La iguana Juanita
Si de mí dependiera dejaría que esta entrada fuera escrita por Juanita, la iguana.
Juanita, como todas las iguanas, tiene tres ojos —el parietal, en la parte media de la cabeza, es un óvalo pálido como una luna— y puede navegar visualmente distinguiendo formas, sombras, colores y movimientos a grandes distancias.
Esta entrada merece la vista de un lagarto herbívoro de ánimo paciente, escamas sedosas como la falda de la reina de una rave y una retina extra para tramitar el significado de los impulsos circundantes.
Esta entrada es la última de Distrito Latino.

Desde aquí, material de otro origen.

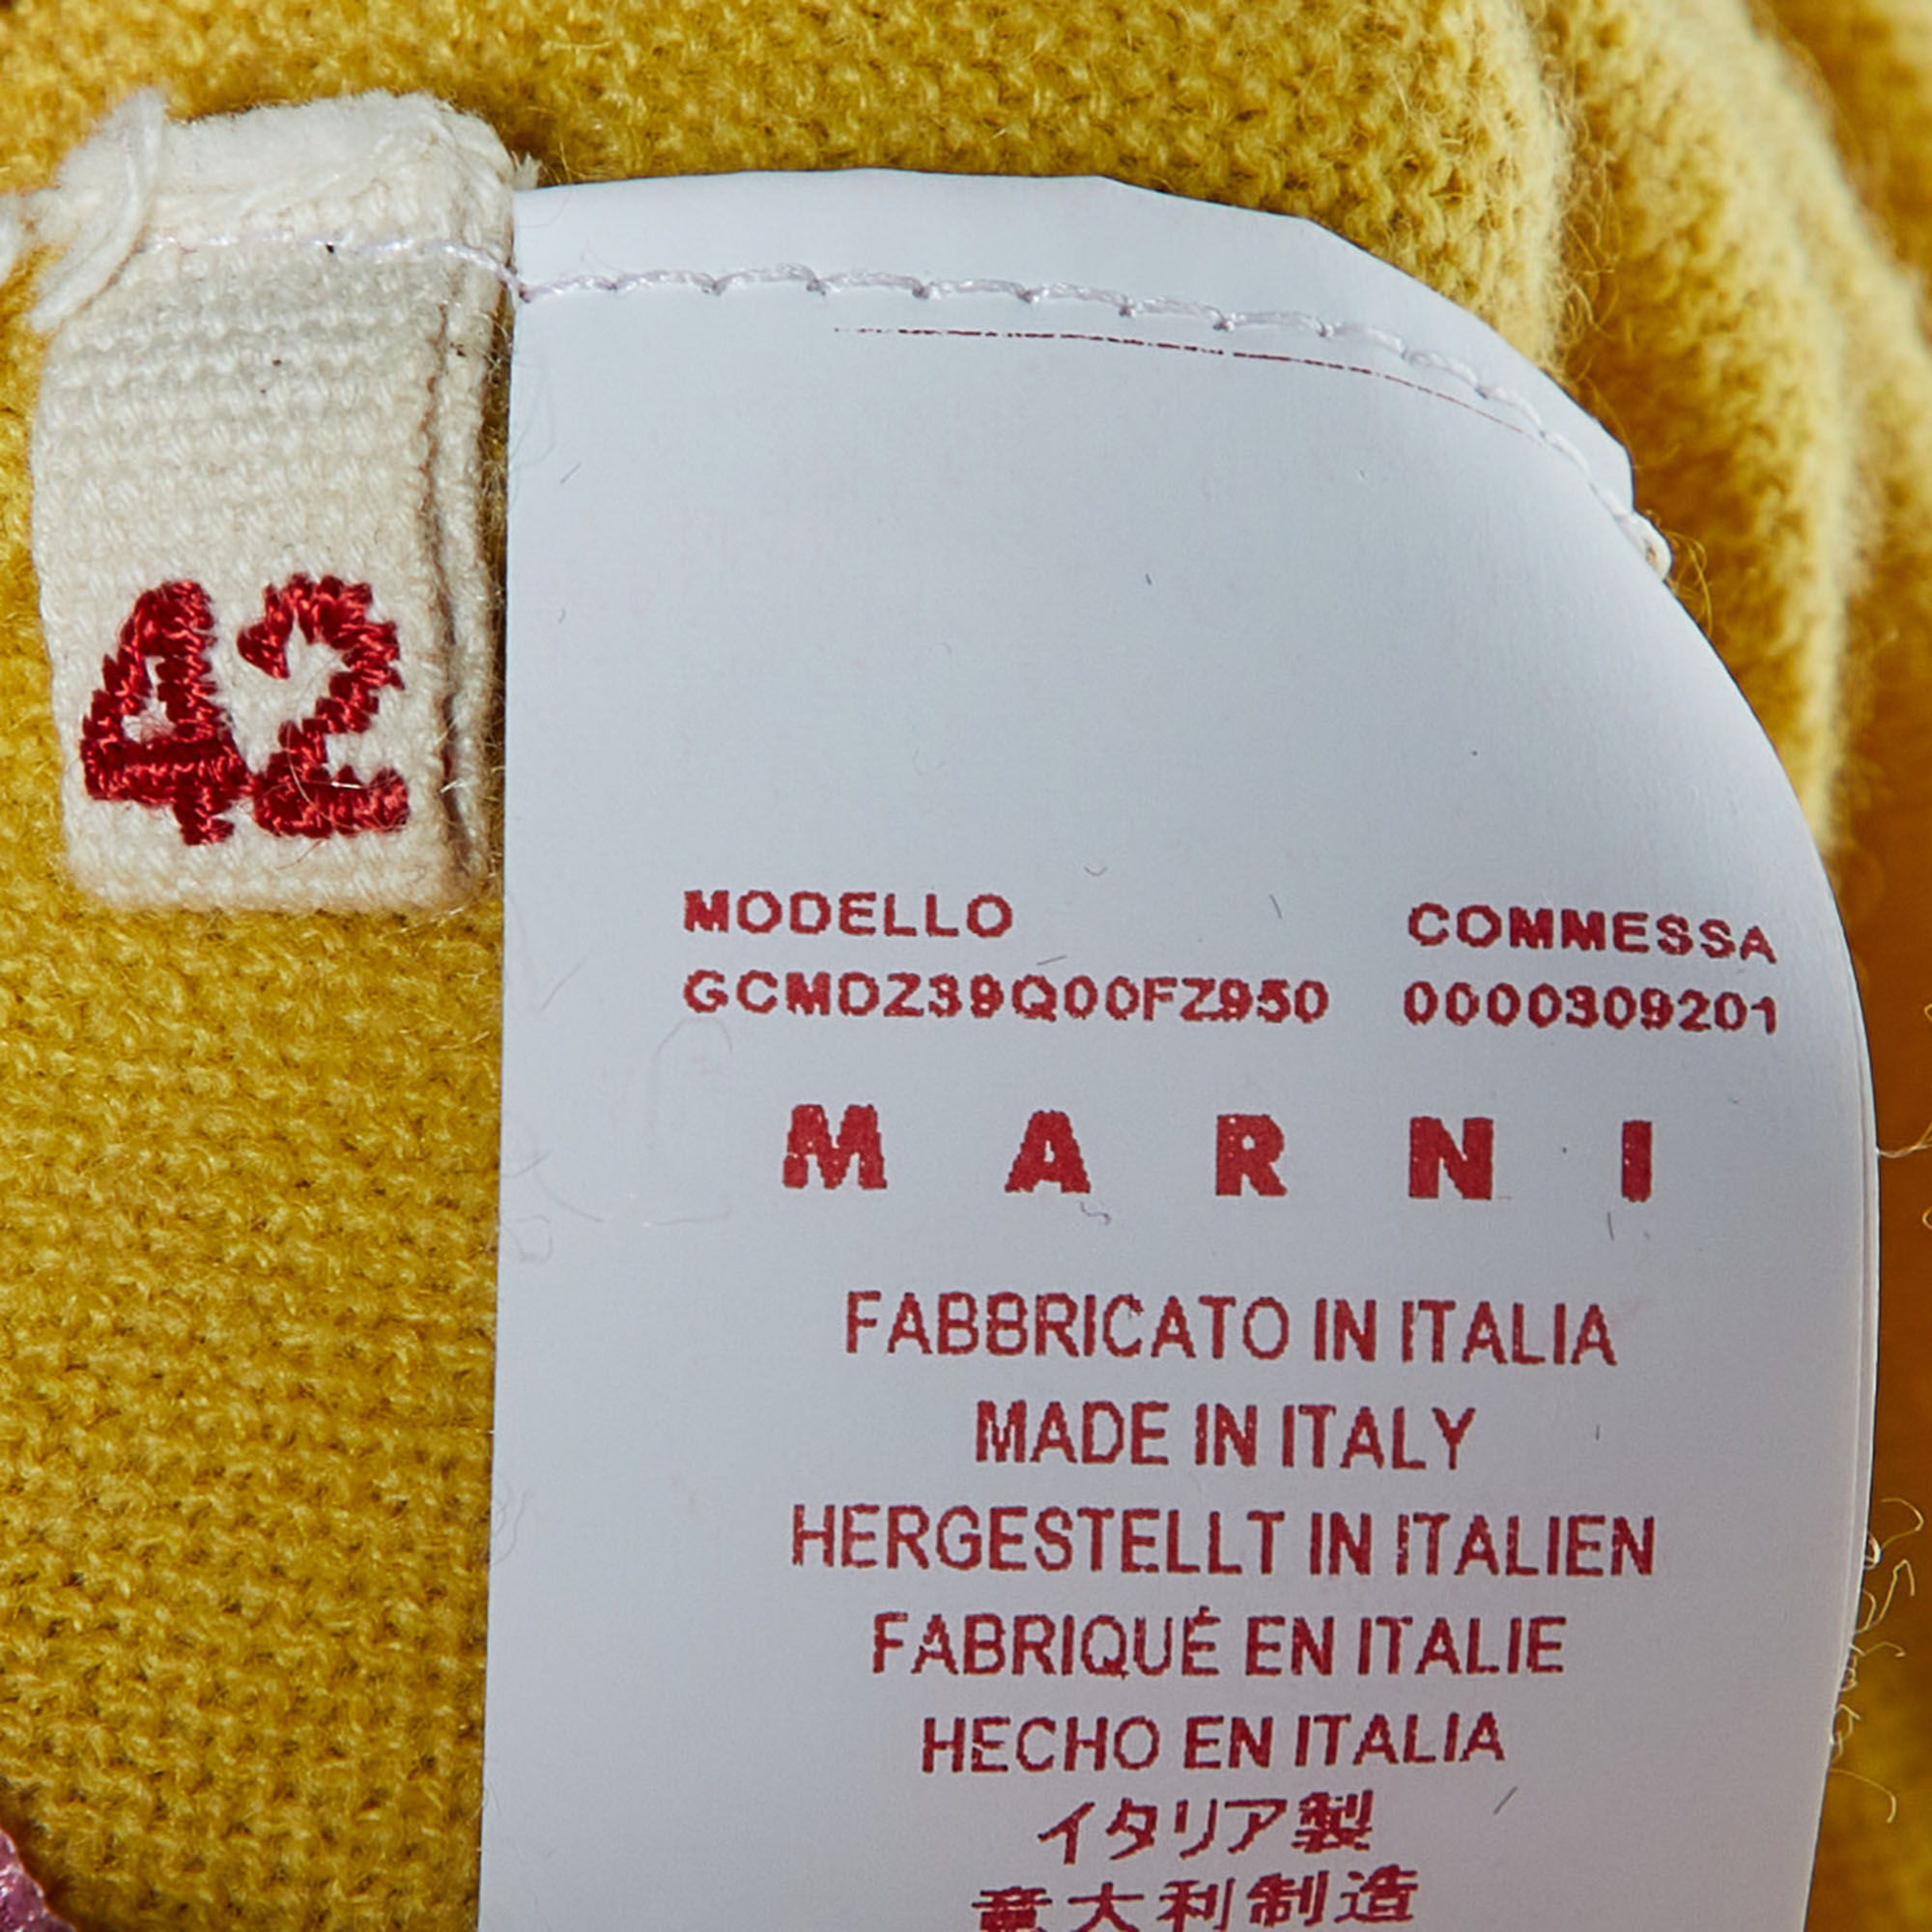 Marni Yellow Knit & Pink Cotton Layered Sweater M

El blog cierra por mandato de la empresa que lo acoge en sus servidores y ha pagado mis servicios —textos, fotos y vídeos— desde agosto de 2011. No hace falta un ojo parietal para vislumbrar el motivo: recorte de colaboradores.
Quisiera ser Juanita, que pasea sobre el hombro de su dueño por el barrio de la Misión sabiendo que es admirada y saludada con dulces piropos mientras el hombre que la lleva encima, uno de esos centroamericanos algo pasados de kilos pero con la piel como una corteza de ceiba, muestra su orgullo por estar dónde está tapándose la cabeza con la gorra del equipo local de béisbol, los Giants.
Quizá al dueño de Juanita, como a tantos cientos de miles como él, le toque sudar en una cadena de cocina por un salario por debajo del mínimo legal, porque todo lo que se come en San Francisco —y en pocas ciudades se come tanto y con una pasión casi psicótica— lo preparan los latinos: el sushi, la ensalada birmana, las crepes y todas las formas imaginables de fast food tapona arterias.
Acaso al hombre del lagarto no le importe la explotación porque allá de donde salió, digamos Guatemala o Yucatán, sólo le esperaba mirar el cielo, sudar sin nada a cambio, postergar la próxima bala... Lo envidio por el milagro de verlo dejando que los niños acaricien a la bella Juanita.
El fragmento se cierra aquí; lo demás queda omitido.